**Task**
The entire listing that follows must be repeated exactly, pictures excluded.

━━━━━ Dataset content

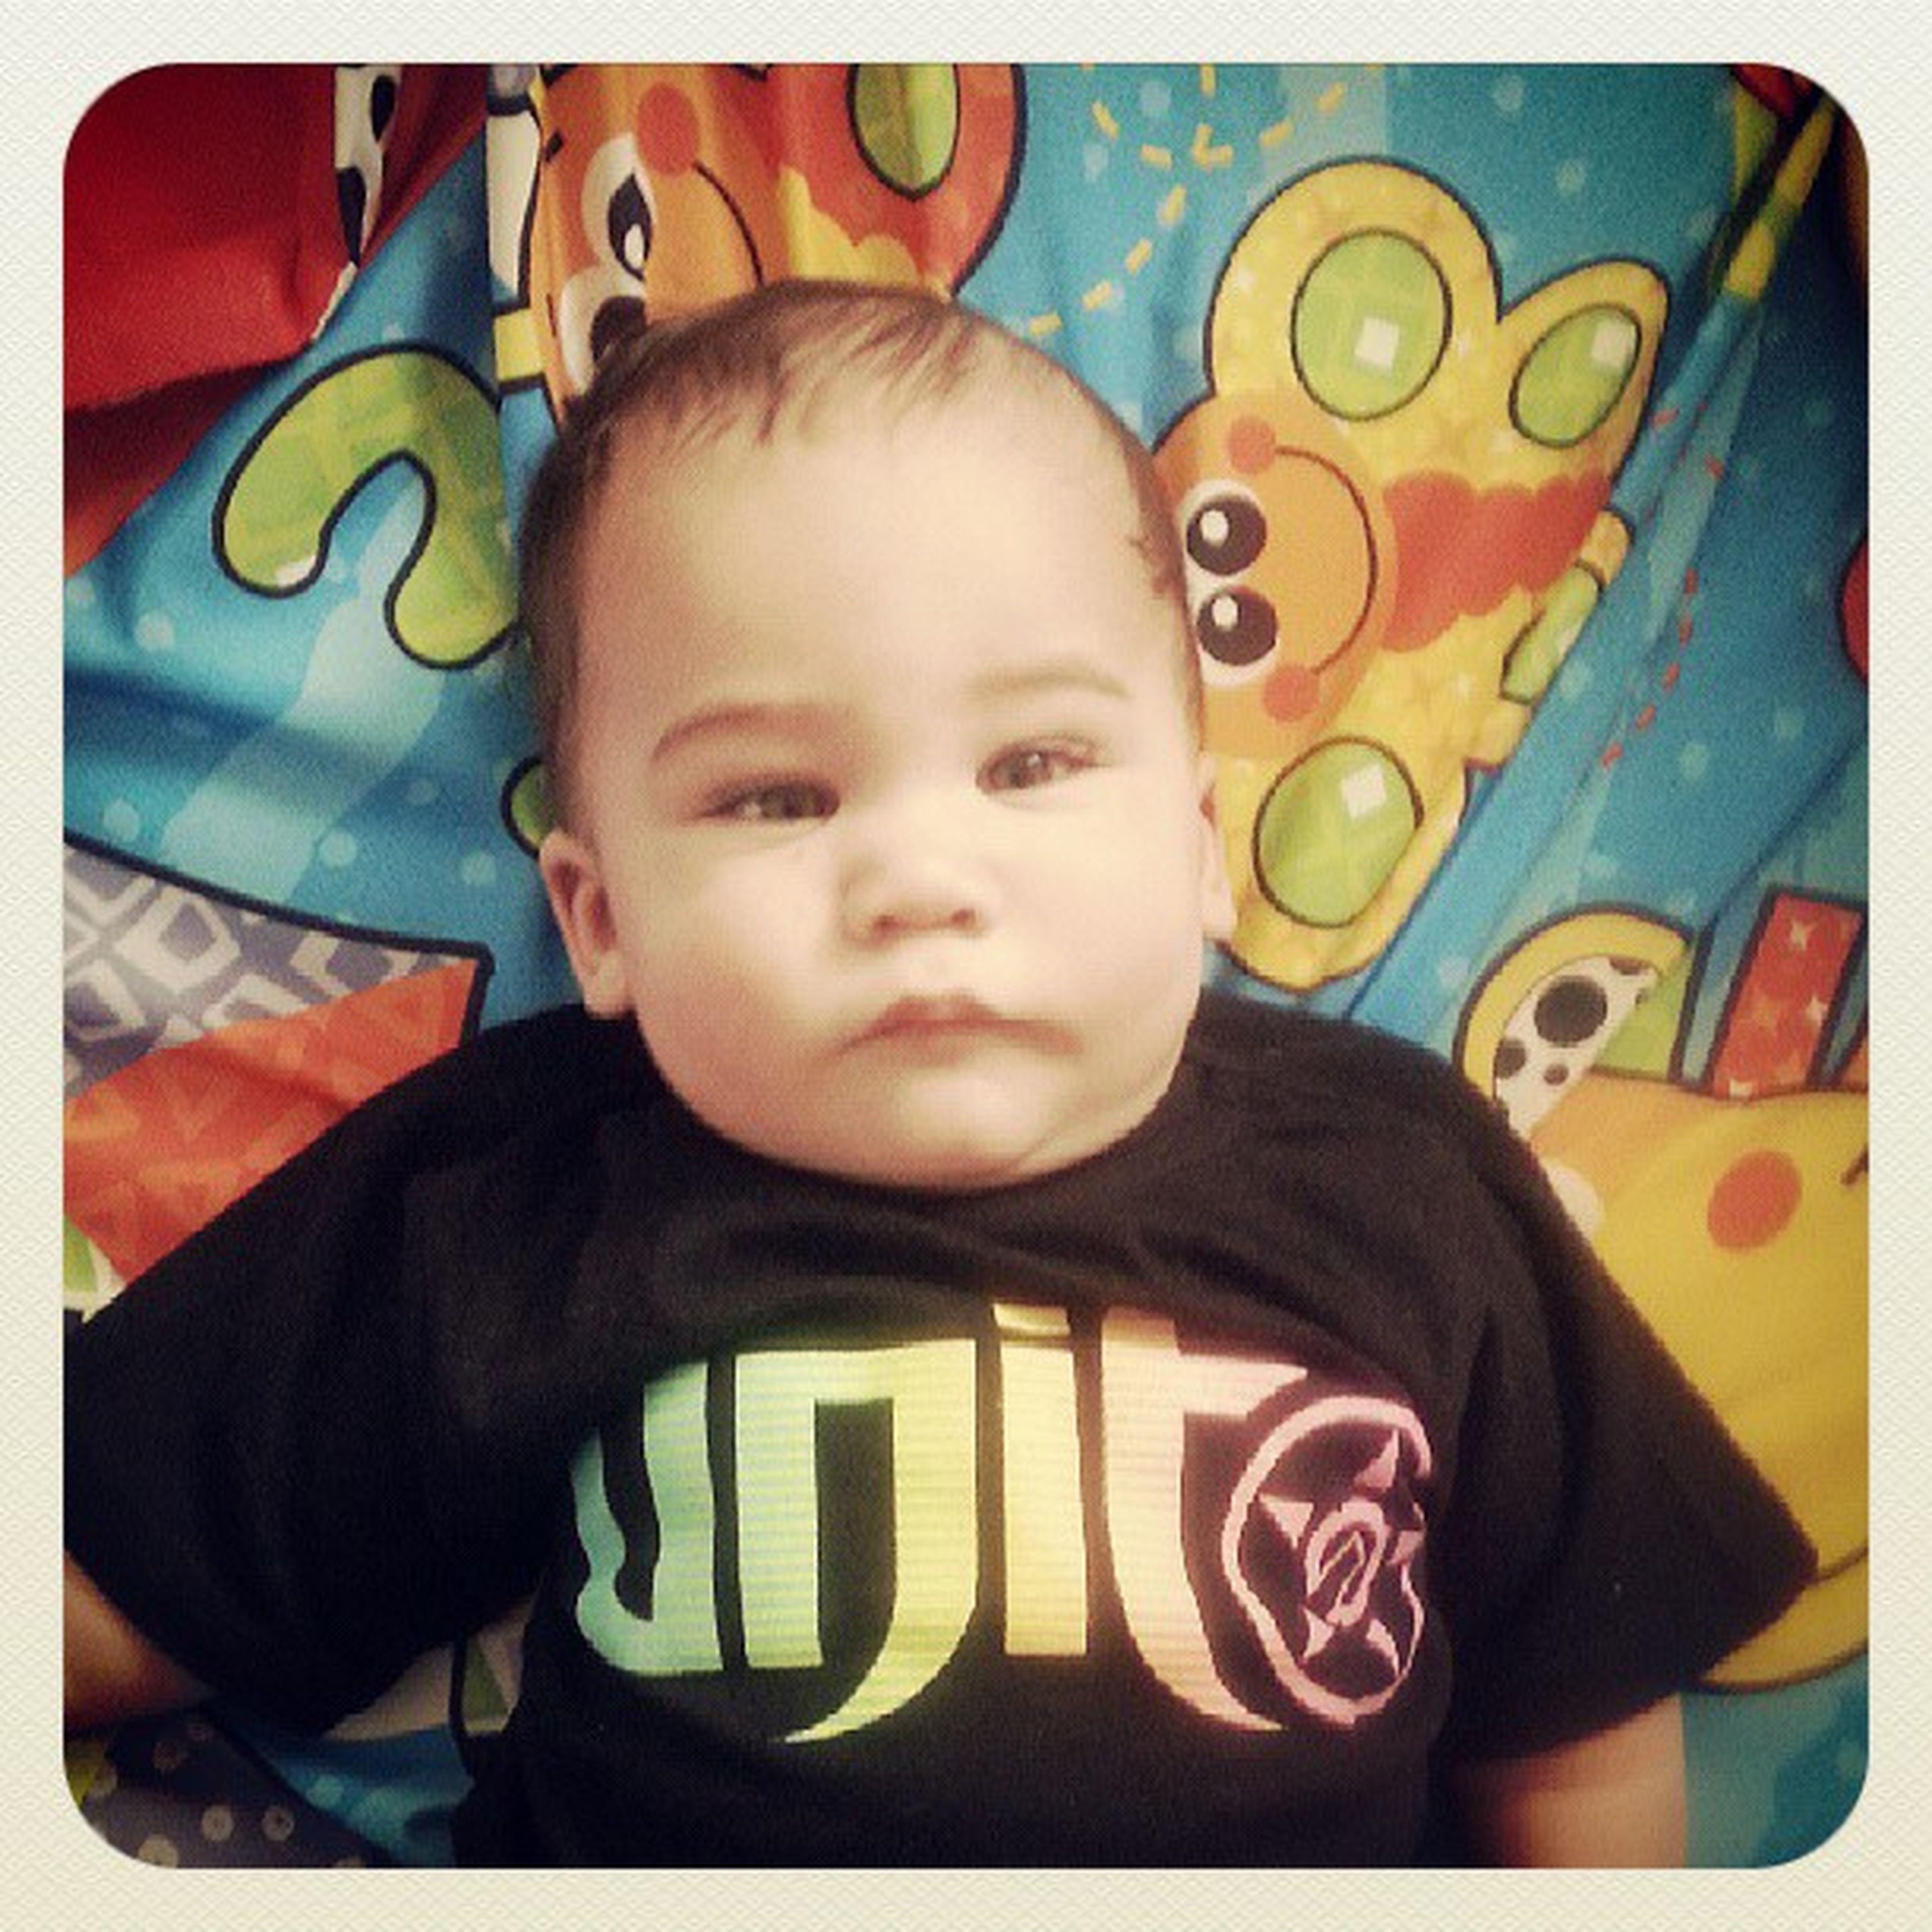 Hangin out wit my lil bro :) ♥ BabyNoah Cutie @cyonah
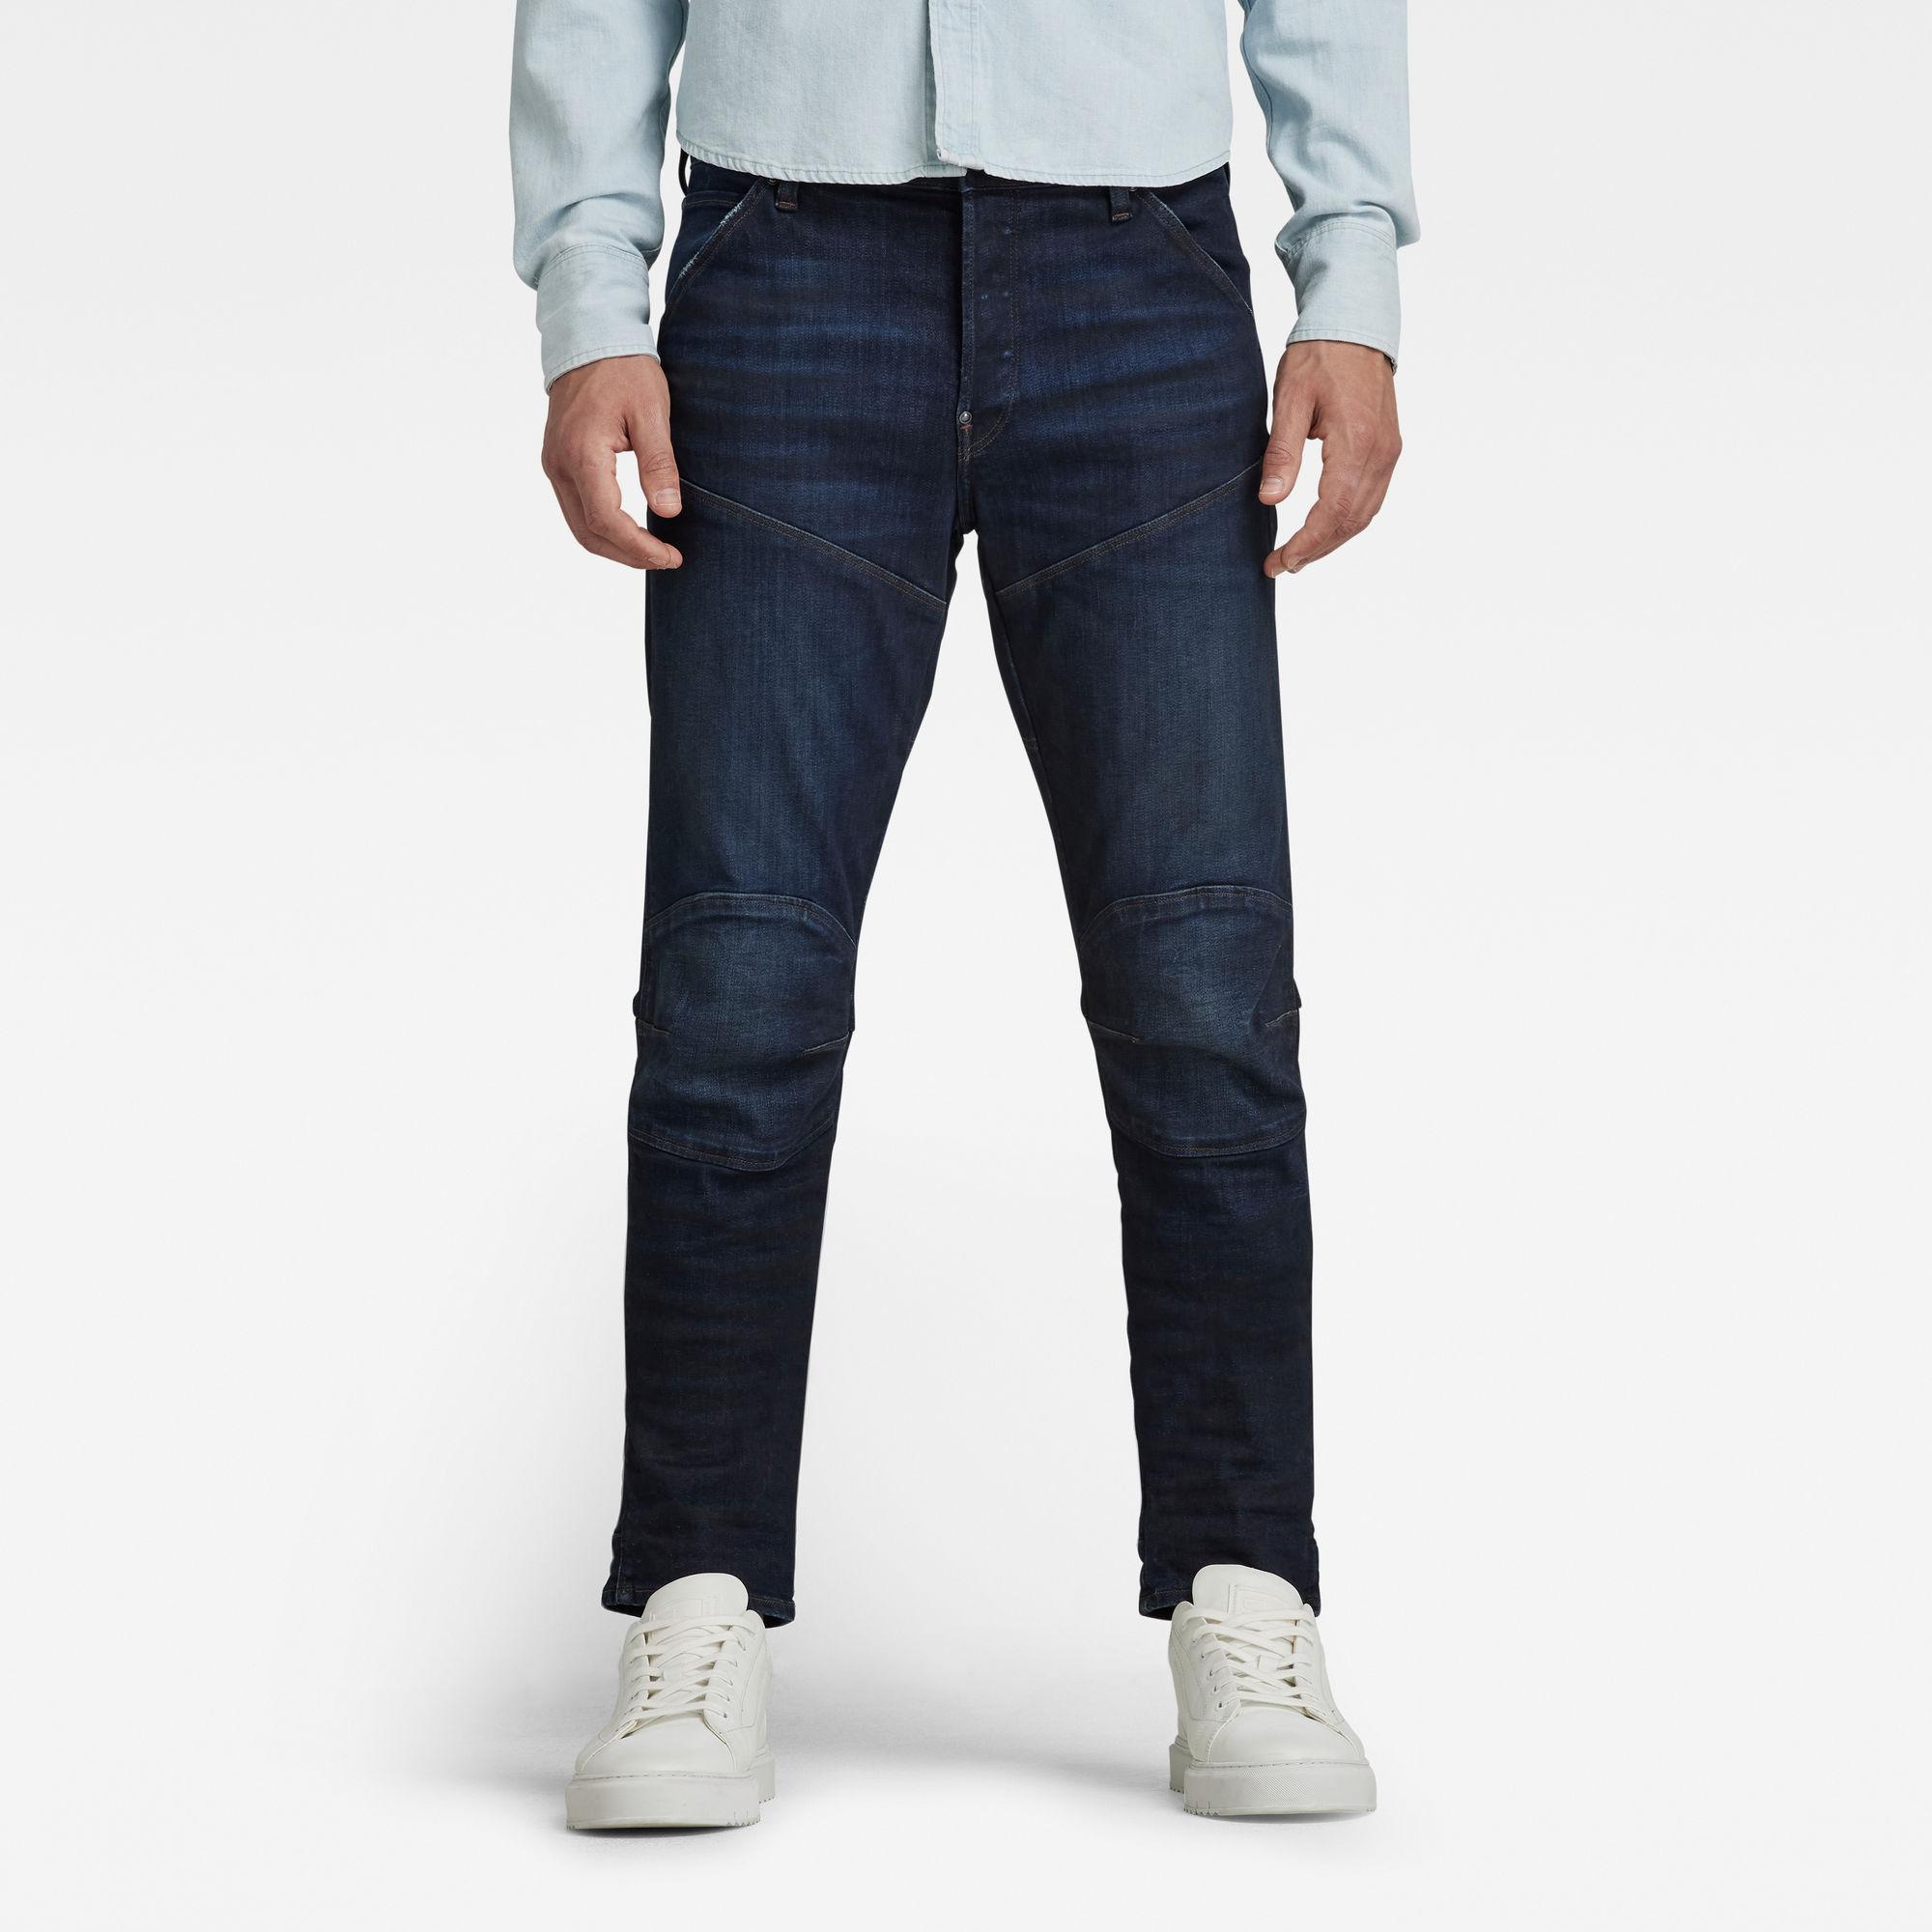 Van G Star Raw 5620 G-Star Elwood 3D Slim Jeans Prijsvergelijk nu!
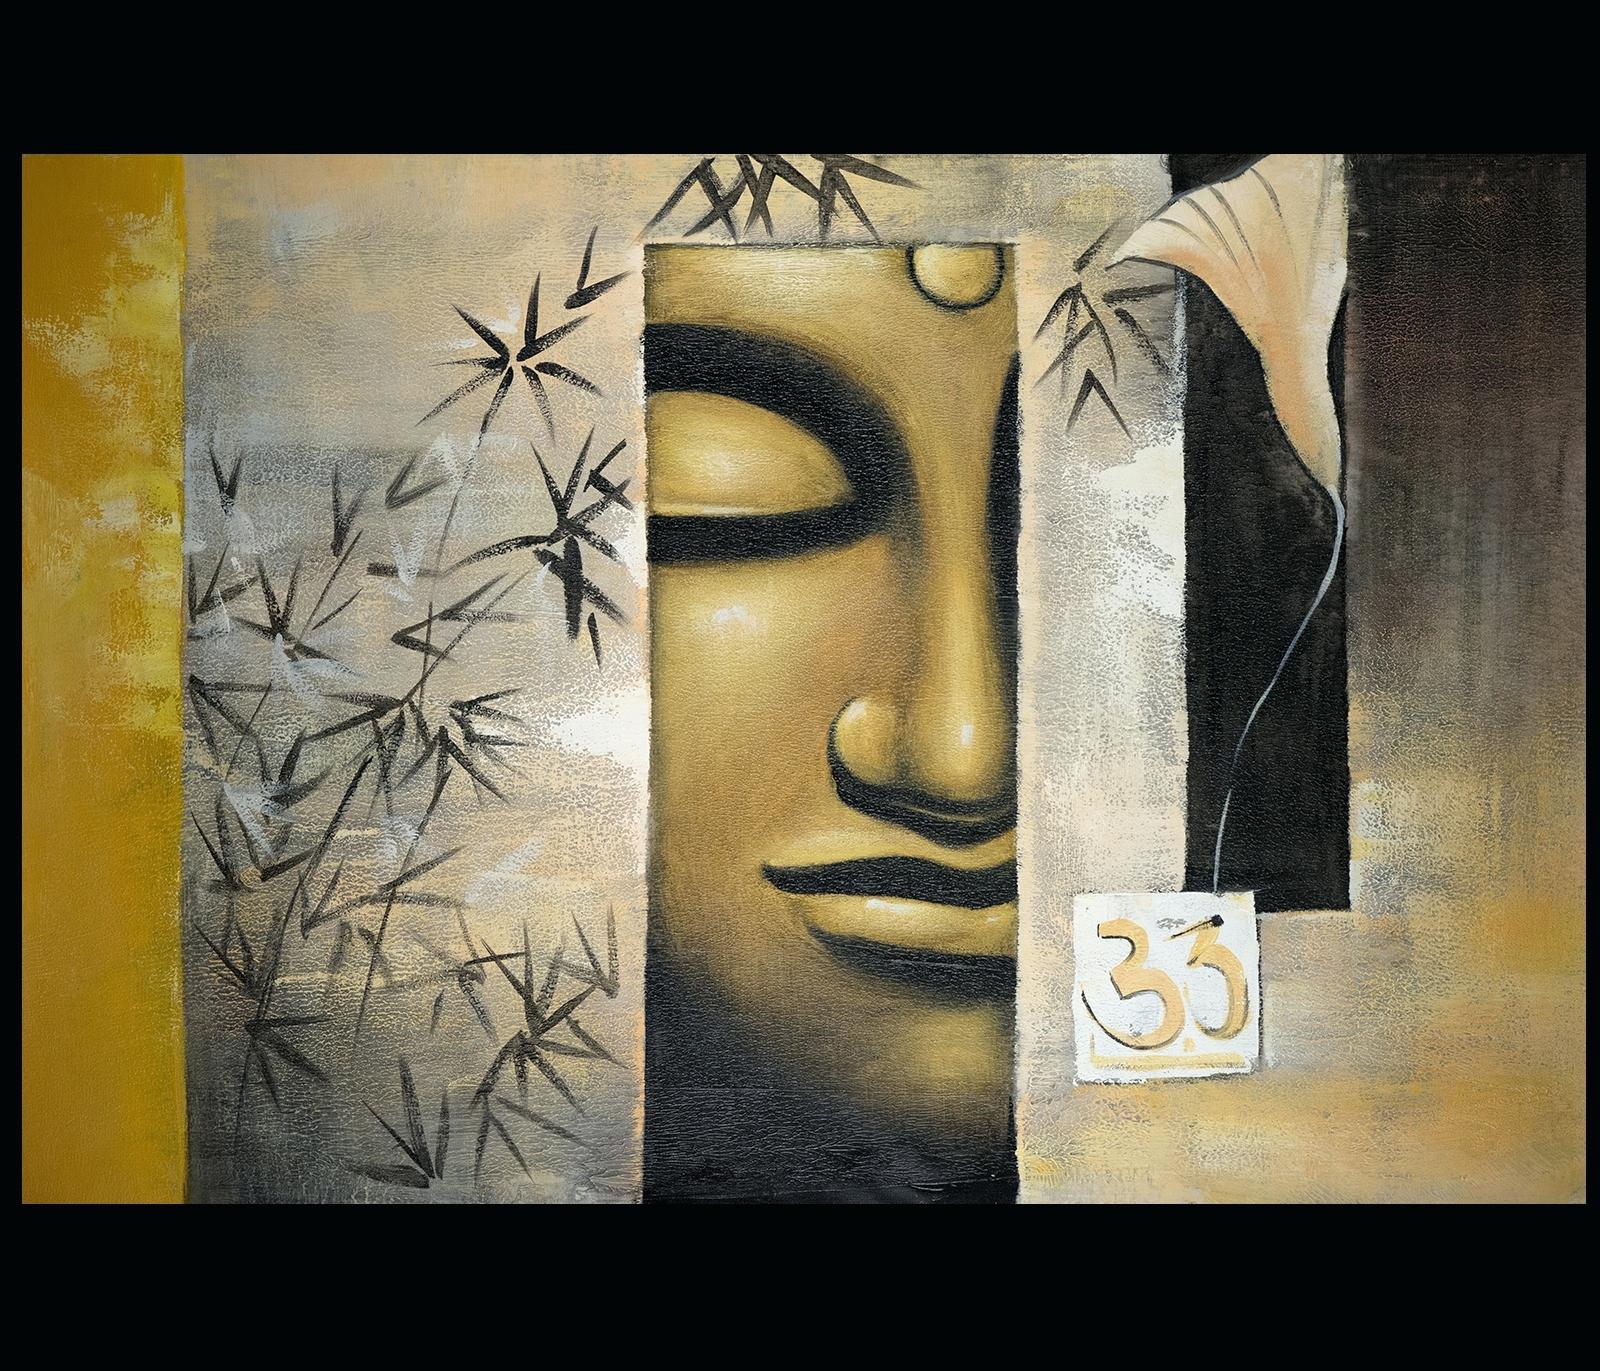 Wall Arts ~ Buddha Wall Art Amazon Buddha Wall Art Pier 1 Buddha Regarding Most Current India Abstract Metal Wall Art (View 7 of 20)

━━━━━━━━━━

**Written answer**
 Hangin out wit my lil bro :) ♥ BabyNoah Cutie @cyonah
 Van G Star Raw 5620 G-Star Elwood 3D Slim Jeans Prijsvergelijk nu!
 Wall Arts ~ Buddha Wall Art Amazon Buddha Wall Art Pier 1 Buddha Regarding Most Current India Abstract Metal Wall Art (View 7 of 20)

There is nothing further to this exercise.